La respuesta. Salvarlos a todos... al menos a tantos como fuera posible... salvar al mocoso que fuimos de ser al cabo un sueño malgastado... salvar a cuantos amamos... salvar incluso a los que nos aman o amaron... y salvarles sobre todo a ellos, a los niños... a los que suponen nuestra única esperanza de no llegar a desaparecer del todo... o al menos, no de golpe. Salvarles a ellos para salvarnos a nosotros mismos y salvar de paso al mundo entero... para siempre jamás.

Fue Óscar Sánchez el que lo escribió y lo publicó en la revista Hypérbole el 3 de junio de 2015... y aquí lo traigo... con envidia y admiración.

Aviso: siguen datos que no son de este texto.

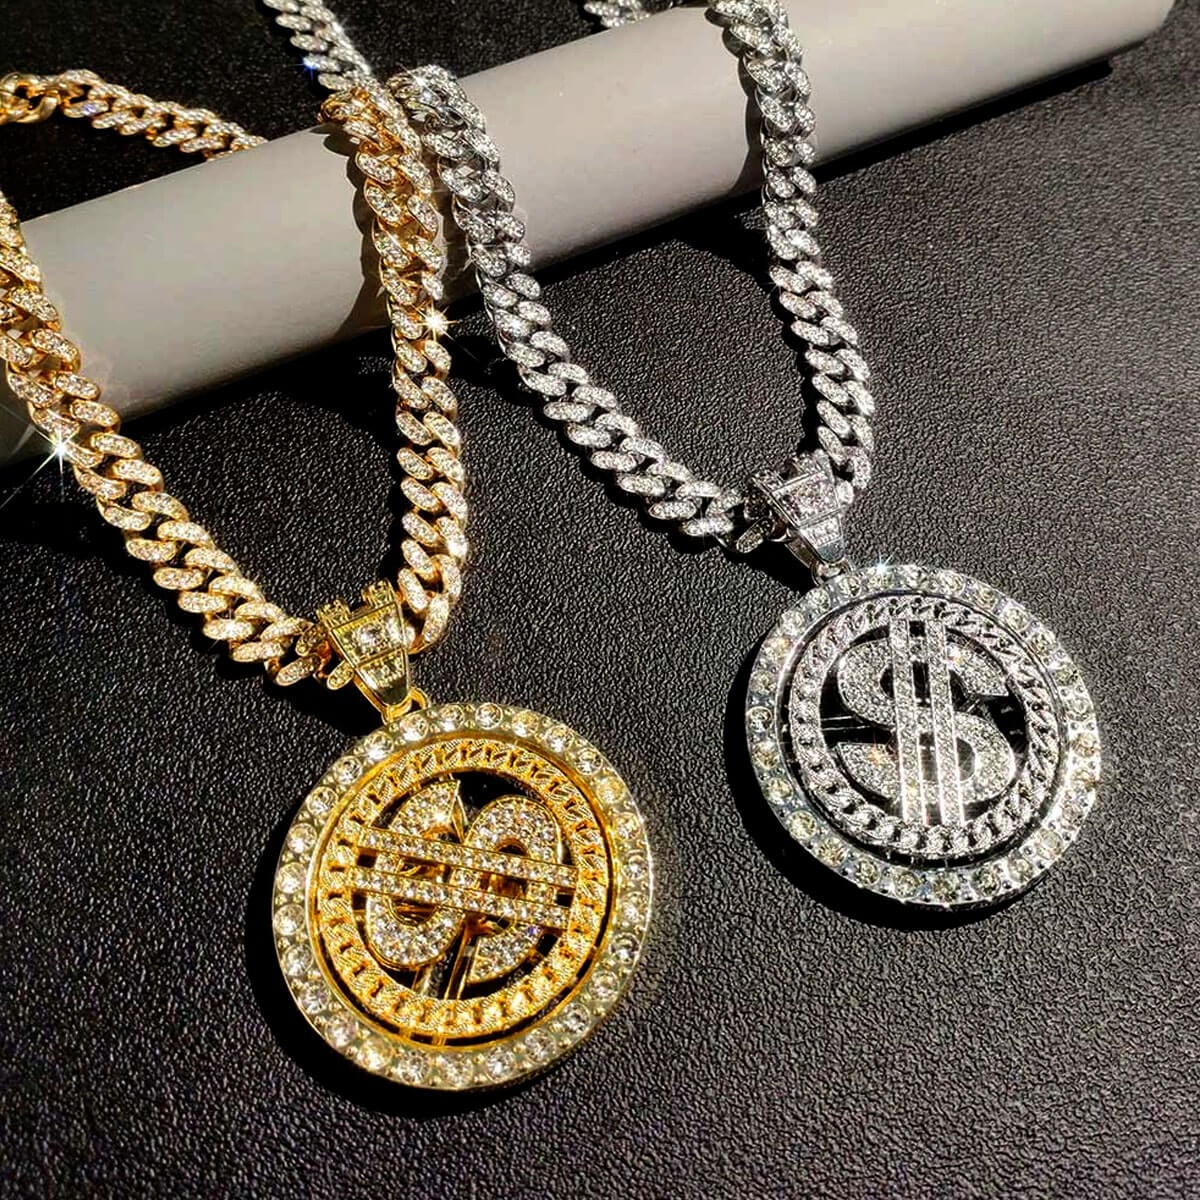 Buy Antiquestreet Unisex Hip Hop Hindi Pendant Necklace Crystal Cuban Chain  HipHop Iced Out Bling Necklaces Fashion Jewelry Silver at Amazon.in

EL GUARDIÁN ENTRE EL CEMENTO

(…) Pues uno que fuera de semblante feísimo o mal nacido o solo y sin hijos, no podría ser feliz del todo, y quizá menos aún aquel cuyos hijos o amigos fueran completamente malos, o, siendo buenos, hubiesen muerto.
Aristóteles, Ética Nicomáquea, 1099b.






La parte que menos he comprendido del caso del clan Pujol ha sido la de la educación. Lo de que el nacionalismo es un subterfugio para manipular a las masas a través del odio en beneficio del charlatán de turno lo teníamos más o menos claro, pero lo que entiendo peor, repito, es cómo pueden haber inculcado el ex-Molt Honorable y su enérgica mujer los valores de la corrupción y el negociete fácil en nombre de papá nada menos que a seis de sus siete hijos. Porque de “valores” se trata, ya que estoy convencido de que ningún corrupto se llama a sí mismo tal, sino que cuando menos posee una justificación cutre, entre elaborada por uno mismo y adquirida del exterior, para sus prácticas. La corrupción, como casi todas las conductas humanas, consiste en un entorno específico, no en una elección individual, y por eso resulta tan poco creíble cuando oímos eso de “todos mis amigos sí, pero yo no”, o cuando nos decimos a nosotros mismos que jamás lo haríamos: prueba a crecer, o a trabajar, en ese entorno. No obstante, ignoro de qué manera les enseñaron eso tan concreto, o dejaron de enseñar otras cosas, los Pujol a sus hijos. Incluso aunque se criaran entre niñeras, como parece muy posible, justamente las niñeras no participan de esos chanchullos, y tienden a respetar los códigos de los cuentos de hadas, de manera que, por mucho que les exhortasen a admirar al padre, tuvo que ser después, cuando todos los adolescentes selectos de su barrio o instituto se percataron a la vez de que ellos no eran como los demás, de que tenían acceso a un nivel superior de rapiña social… Quién sabe.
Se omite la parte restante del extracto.